Punto de vista de Alfa Gideon
Honestamente, no había esperado que Avery tuviera razón. No era que no confiara en ella; era más bien que no confiaba en nadie.
Antes del almuerzo, cuando Avery me dio la advertencia sobre la inestabilidad de Dierdra, lo había atribuido a algo más sutil. Que Dierdra estuviera molesta por nuestra nueva situación laboral, por ejemplo. Había pensado que intentaba decirme que yo podría tener que trabajar para mantener las cosas en equilibrio, o de lo contrario Dierdra actuaría de forma exagerada y desestabilizaría el nuevo equilibrio que habíamos forjado. Nunca cruzó por mi mente dudar de que estuviera verdaderamente embarazada. Si no había sido capaz de percibir el olor del cachorro que llevaba, lo atribuí a que nuestra relación era un tanto poco convencional y reprimida. Después de todo, yo también tenía problemas para sentir el lazo de apareamiento con Dierdra, pero ella había sido una renegada, y todo el mundo sabía que a veces les tomaba un tiempo a los renegados integrarse verdaderamente a las dinámicas de la manada, tales como los lazos Alfa.
Todos esos pensamientos corrieron por mi cabeza a medida que el caos del almuerzo aumentaba. Al principio pensé que mi inquisición al convocar a revelar las falsedades había puesto a Dierdra y a mi familia en vilo. Comprensible, estaba destinada a hacerlo. Pero luego Dierdra comenzó a mostrarse más agitada, y una pequeña chispa en la parte posterior de mi mente se convirtió en una flama. ¿Y si se comportaba de manera errática porque vivía una mentira? Su extraño comportamiento y sus respuestas cortantes a la conversación en la mesa me hicieron volverme más severo y contemplativo.

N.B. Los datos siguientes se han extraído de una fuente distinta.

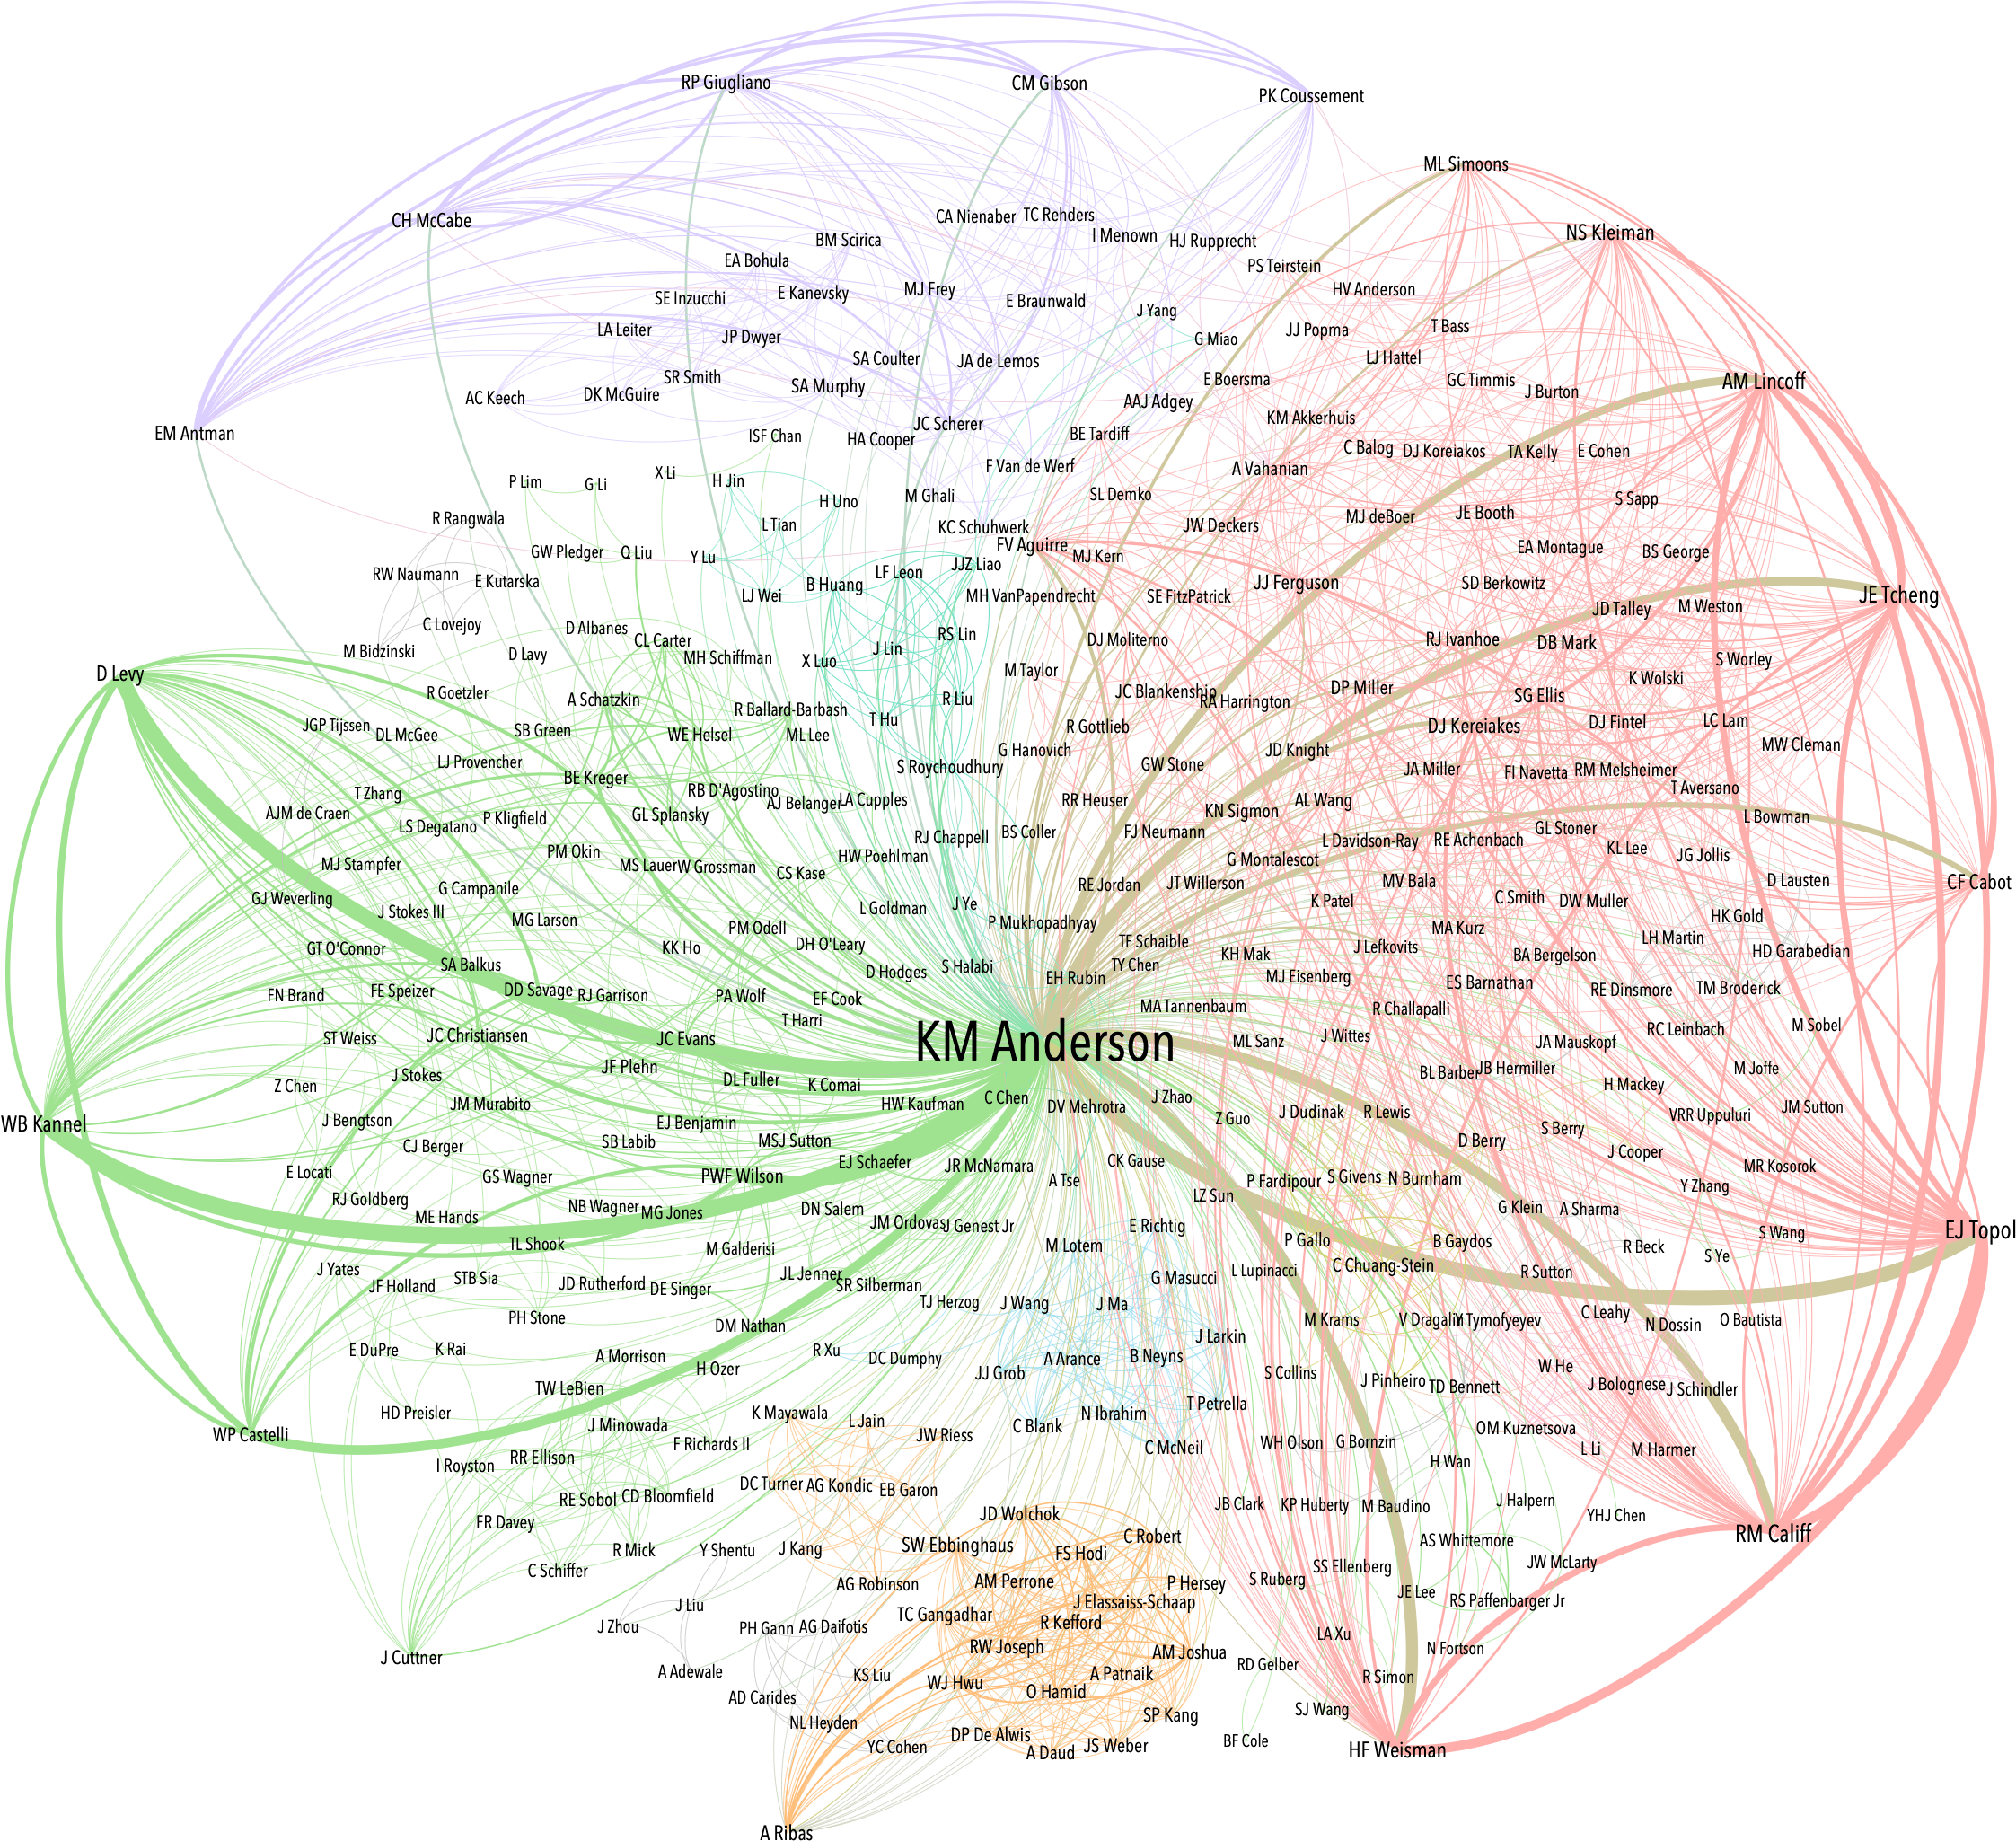 A visualization of my co-authorship network.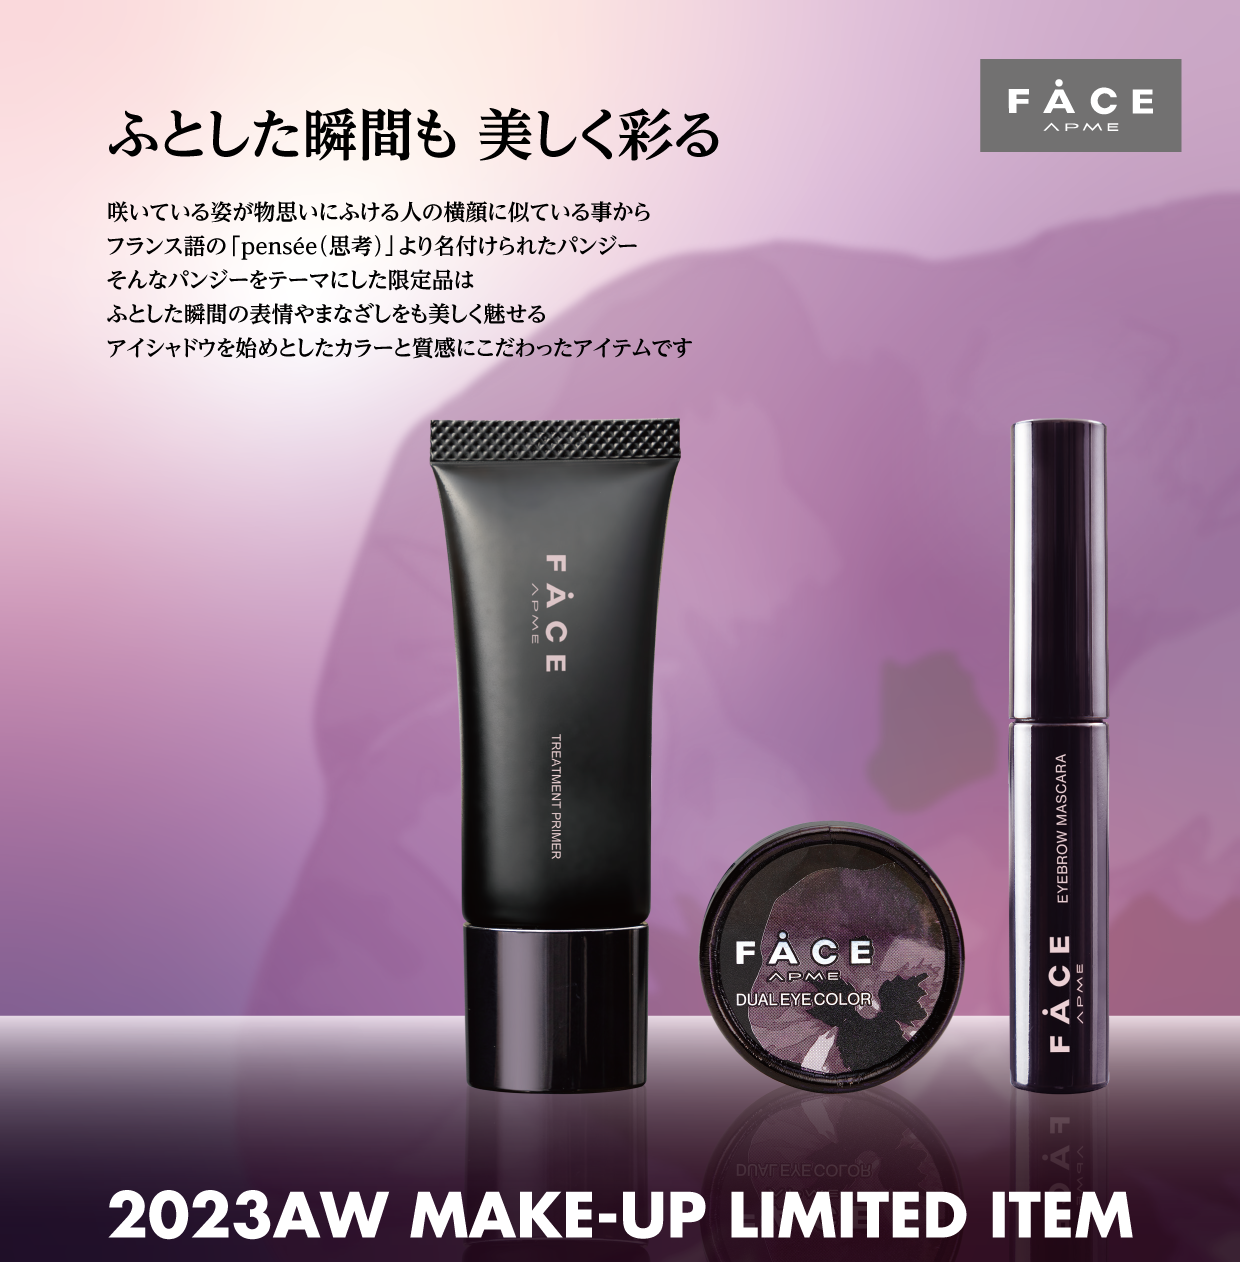 2023AW MAKE-UP LIMITED ITEM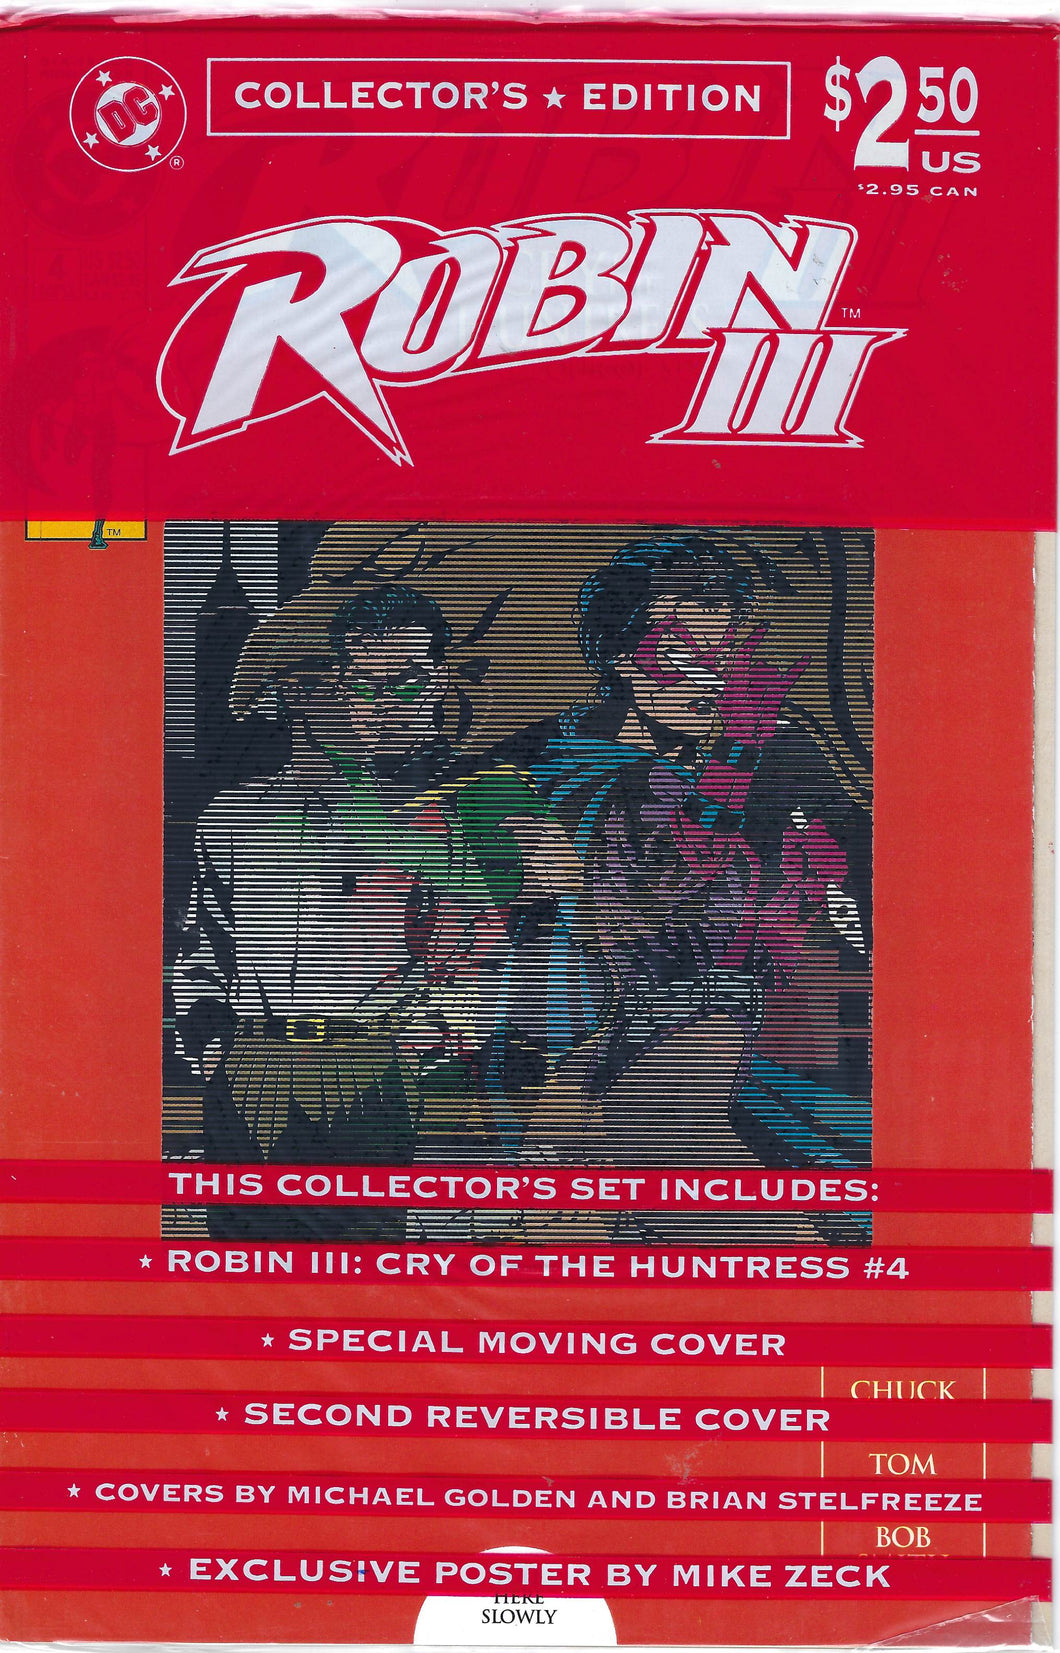 Robin III : Cry of the Huntress #4 (in sealed polybag)

Había dejado claro como el cristal que no perdonaría a nadie que continuara mintiéndome después de darle una oportunidad de clemencia. La amenaza tenía un doble propósito: estaba destinada a hacer obvias las consecuencias y a sacar a la luz a aquellos que pudieran tener quejas menores y falsedades. Eso ocurría con bastante frecuencia en una manada grande y poderosa; las dinámicas de poder en juego significaban que cierto nivel de conflicto era inevitable. Los mejores Alfas lo anticipaban y se protegían contra ello.
Su distanciamiento emocional hizo que pasara esas horas de espera reexaminando nuestra relación. Reavivaba todos nuestros momentos de afecto y cercanía que pensé que eran genuinos, e intentaba verlos a través de la lente de un extraño. Entonces la sanadora llegó y dio su diagnóstico final, y fue como si todos esos recuerdos agradables quedaran planos en mi memoria mientras mi visión se volvía roja de furia.
Ahora comprendía qué era lo que ella me había estado ocultando, pero por más que lo intentaba, no podía entender por qué me había engañado de semejante manera.